The commitment is part of the commission's new Global Gateway strategy, which offers investment of up to €300bn in the 2021-27 period for long-term international recovery. The commission will work with partner countries to develop their renewable hydrogen production and promote competitive markets to enable non-EU hydrogen to be traded internationally "without export restrictions or price distortions".
The commission did not give a clear figure on how much is earmarked for hydrogen, but noted €2.4bn worth of grants for Sub-Saharan Africa and €1.08bn for North Africa to support "renewable energy, energy efficiency, the just transition and the greening of local value chains".
Addressing EU Hydrogen Week, commission President Ursula von der Leyen this week promoted investing in Africa's hydrogen sector.
"Africa has the greatest untapped potential for renewable energy production. Turning clean energy into clean hydrogen could be a solution to store that energy, both to sell it abroad and to power Africa's rising industry," she said. Von der Leyen reiterated the EU's target of bringing the cost of green hydrogen to below €1.80/kg by 2030.
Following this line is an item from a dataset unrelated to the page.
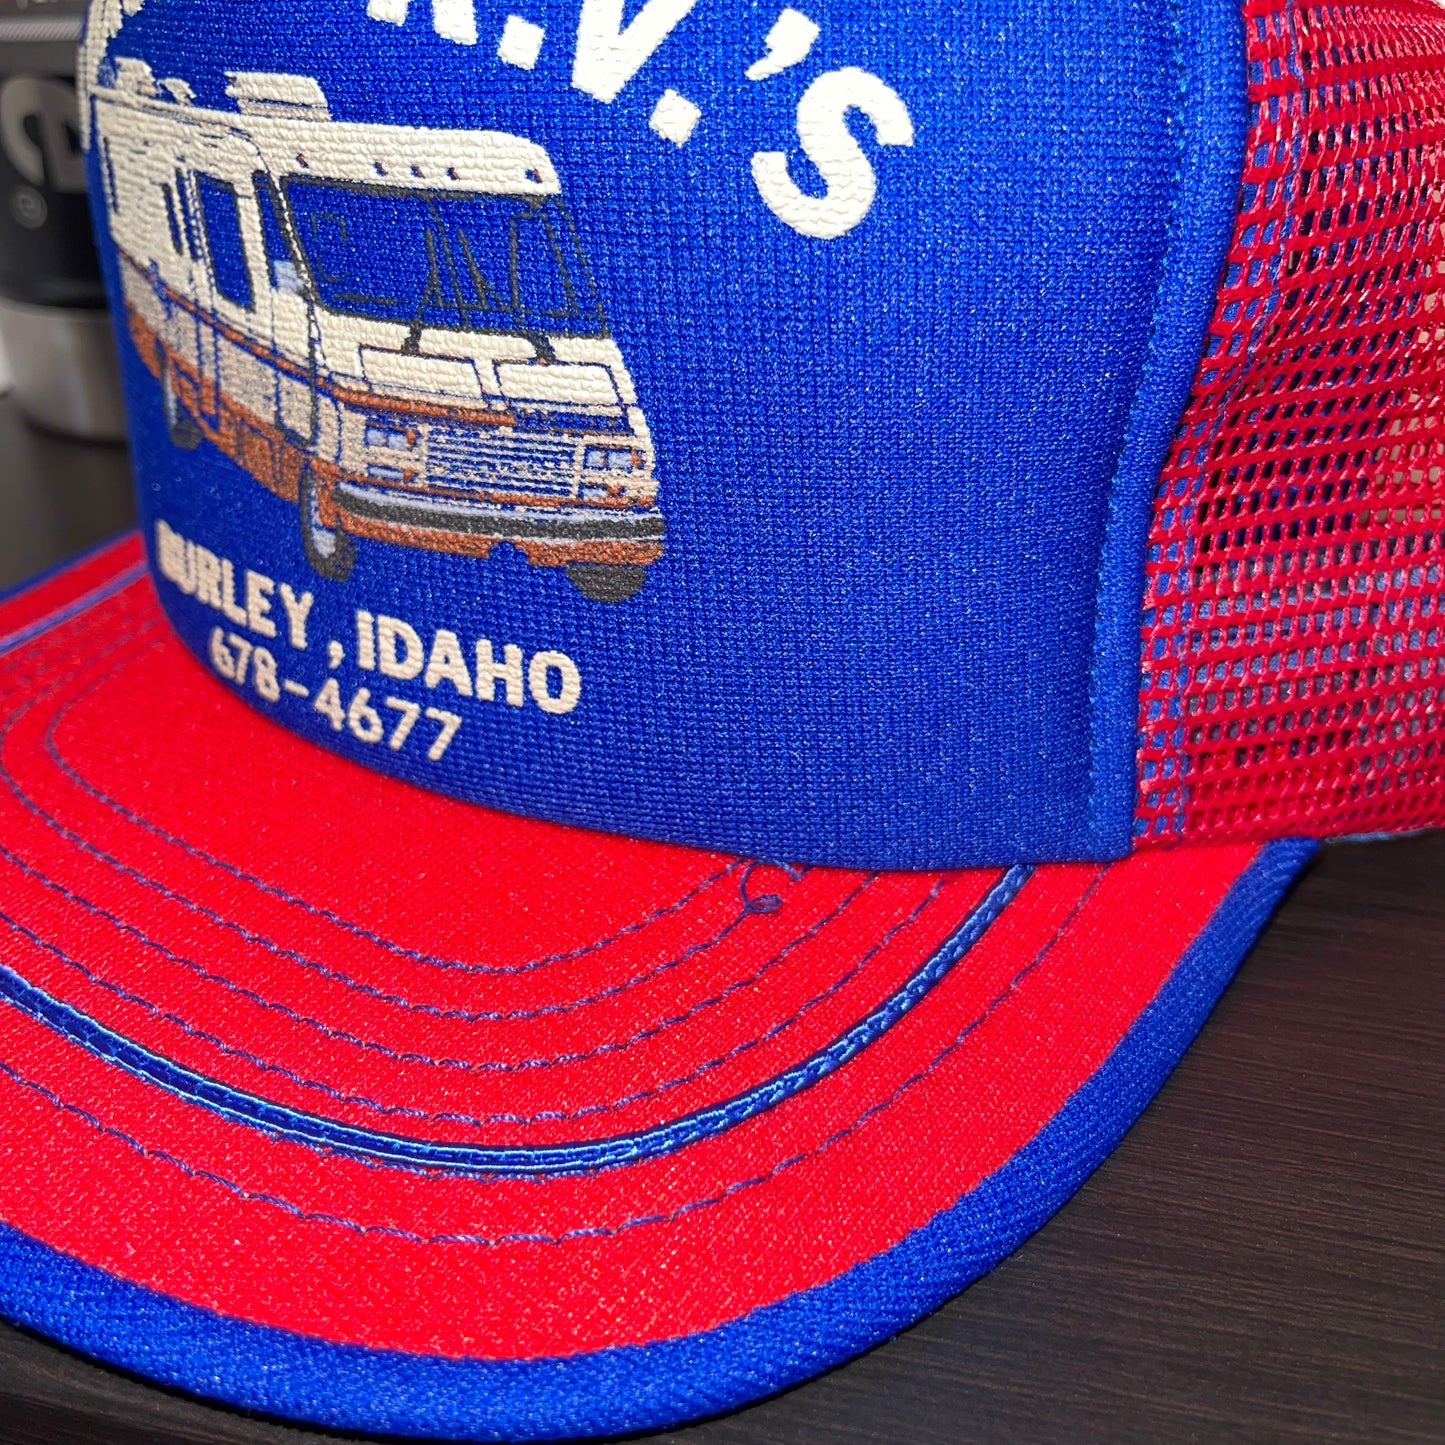 Vintage Luxury R.V.’s Burley Idaho Trucker Hat
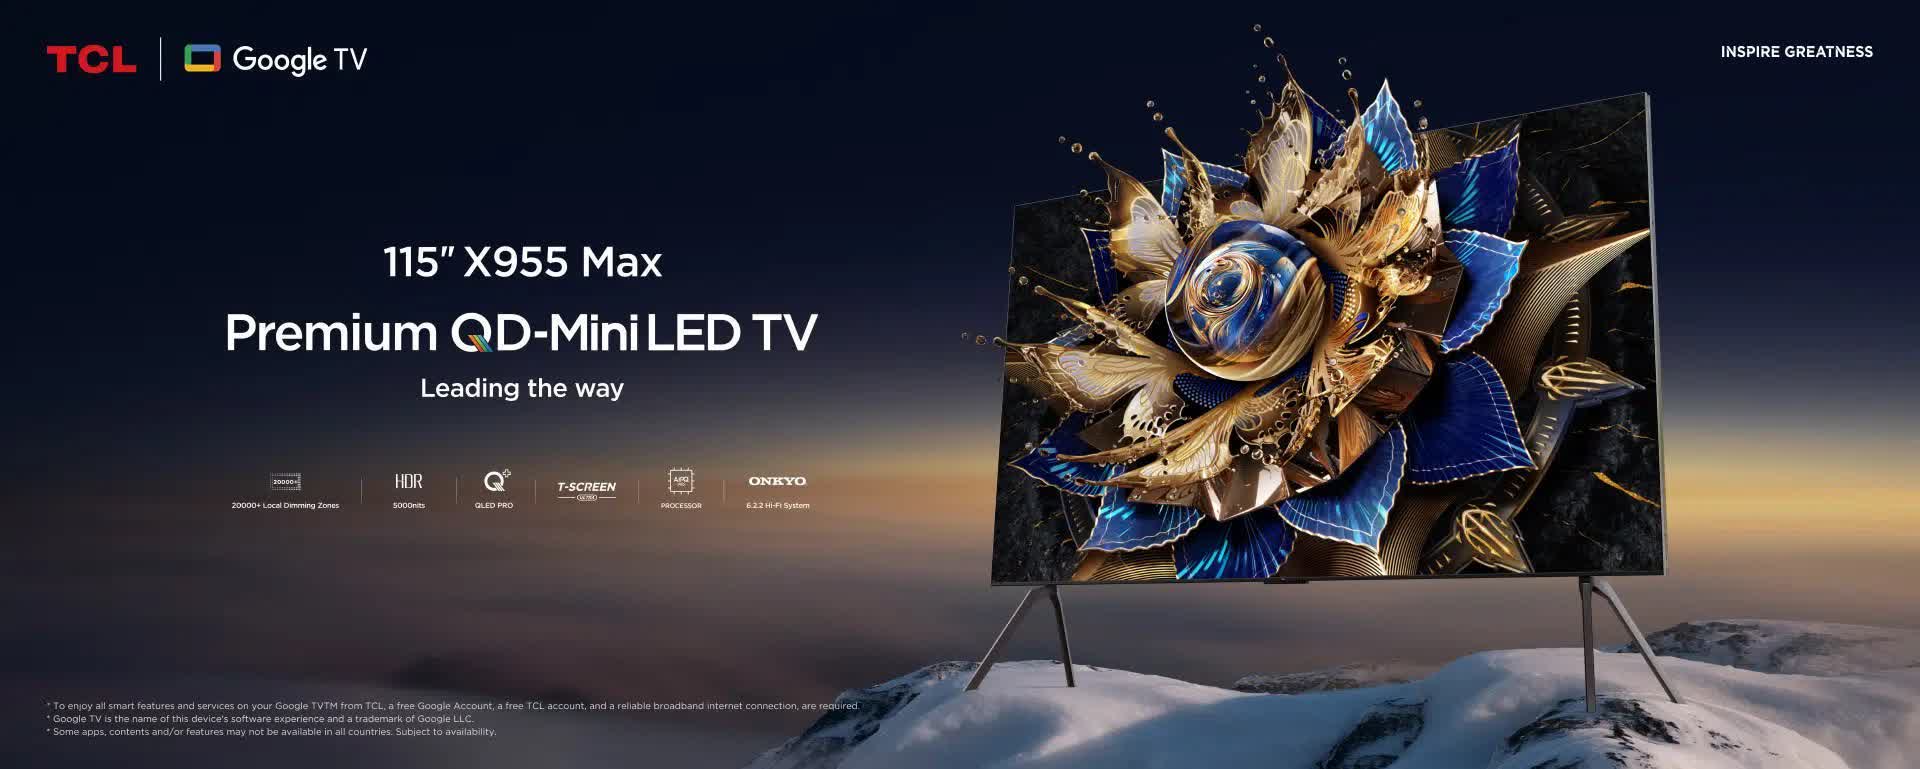 TCL lanzará pronto una versión de 115 pulgadas de su televisor insignia 4K QD-Mini-LED

"This goal is within reach," she said.
The commission has also published a list of more than 600 hydrogen projects planned to enter operation by 2025, which it has assessed for greenhouse gas (GHG) emissions reduction, minimum size and project maturity.
Later this month the the commission is likely to propose major reforms to its 2009 third energy package aimed at boosting uptake of hydrogen in the bloc, including establishing a European Network of Network Operators for Hydrogen. The 260-page proposals also define low-carbon hydrogen as non-renewable, with a GHG reduction threshold of 70pc.
The commission's support for hydrogen came under criticism today from non-governmental campaign group Transport & Environment (T&E), which suggests EU mandates for green hydrogen by 2030 could increase power demand by almost 16pc of projected overall electricity demand. Increasing hydrogen production is "reckless", T&E said, because renewables could be diverted from the grid and undercut GHG savings from electric vehicles by increasing consumption of expensive natural gas.
T&E wants the European Parliament and EU members to lower the commission's proposed 2030 target for renewable fuels of non-biological origin (RFNBOs) to 1.6pc of all transport demand from the proposed 2.6pc. It said there are still no proposals from the commission for technical legislation defining key terms in the 2018 renewables directive (RED II), notably setting a GHG methodology for RFNBOs and defining "additionality" or the extent to which hydrogen and other RFNBOs come from new additional renewable generation.